#### [WHAT IS NEEDED]
Omitting the images, transcribe the records below exactly as they stand.

-- STORED DATA follows --

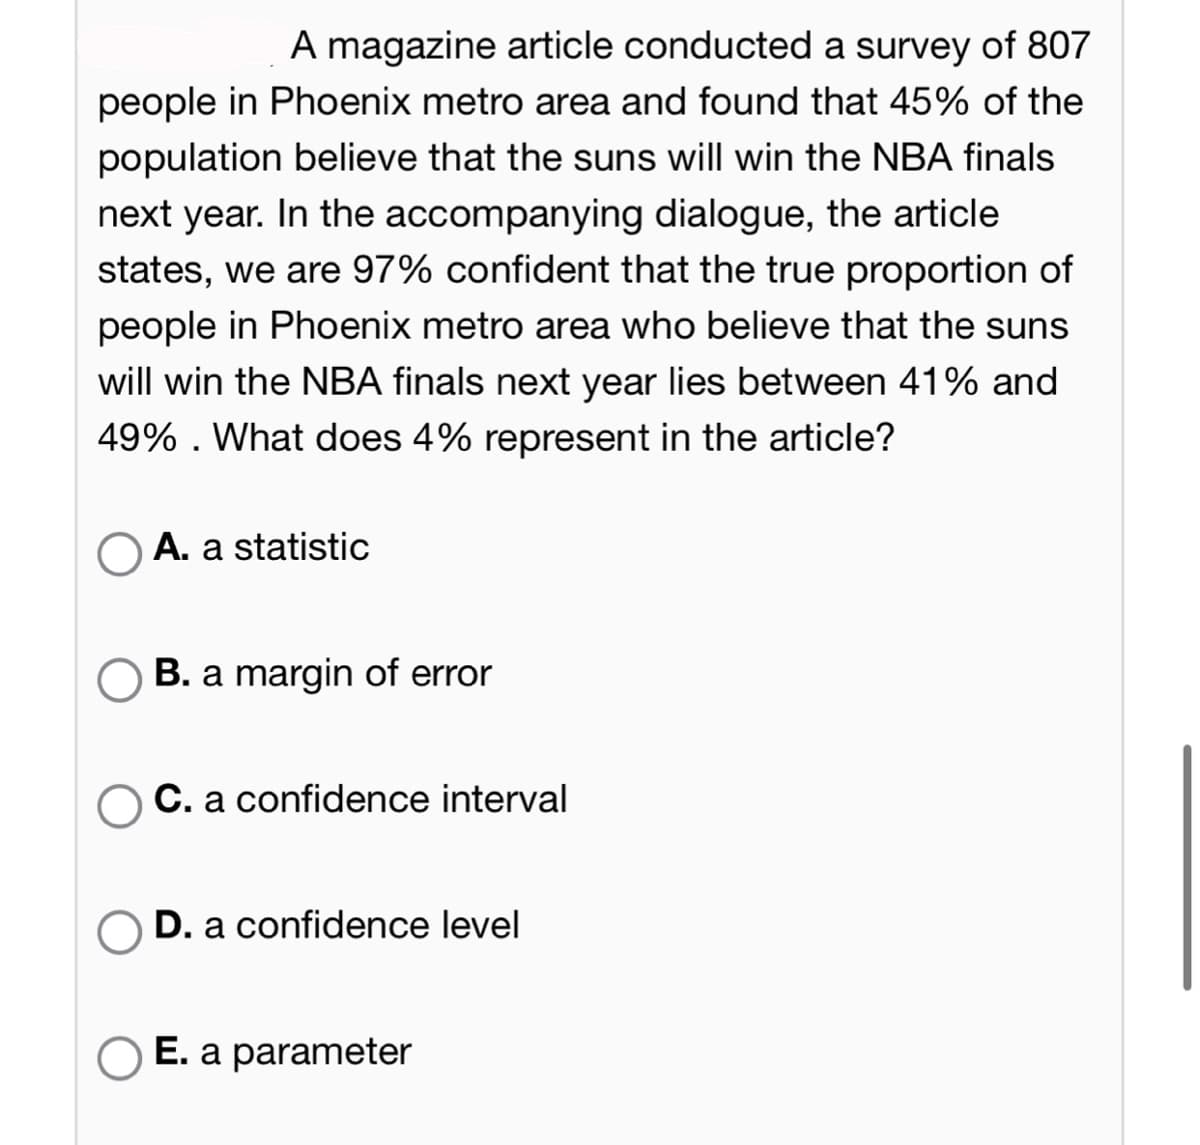 A magazine article conducted a survey of 807
people in Phoenix metro area and found that 45% of the
population believe that the suns will win the NBA finals
next year. In the accompanying dialogue, the article
states, we are 97% confident that the true proportion of
people in Phoenix metro area who believe that the suns
will win the NBA finals next year lies between 41% and
49%. What does 4% represent in the article?
OA. a statistic
B. a margin of error
O C. a confidence interval
D. a confidence level
E. a parameter

-- STORED DATA concluded --

#### [EXPECTED OUTPUT]
 A magazine article conducted a survey of 807
people in Phoenix metro area and found that 45% of the
population believe that the suns will win the NBA finals
next year. In the accompanying dialogue, the article
states, we are 97% confident that the true proportion of
people in Phoenix metro area who believe that the suns
will win the NBA finals next year lies between 41% and
49%. What does 4% represent in the article?
OA. a statistic
B. a margin of error
O C. a confidence interval
D. a confidence level
E. a parameter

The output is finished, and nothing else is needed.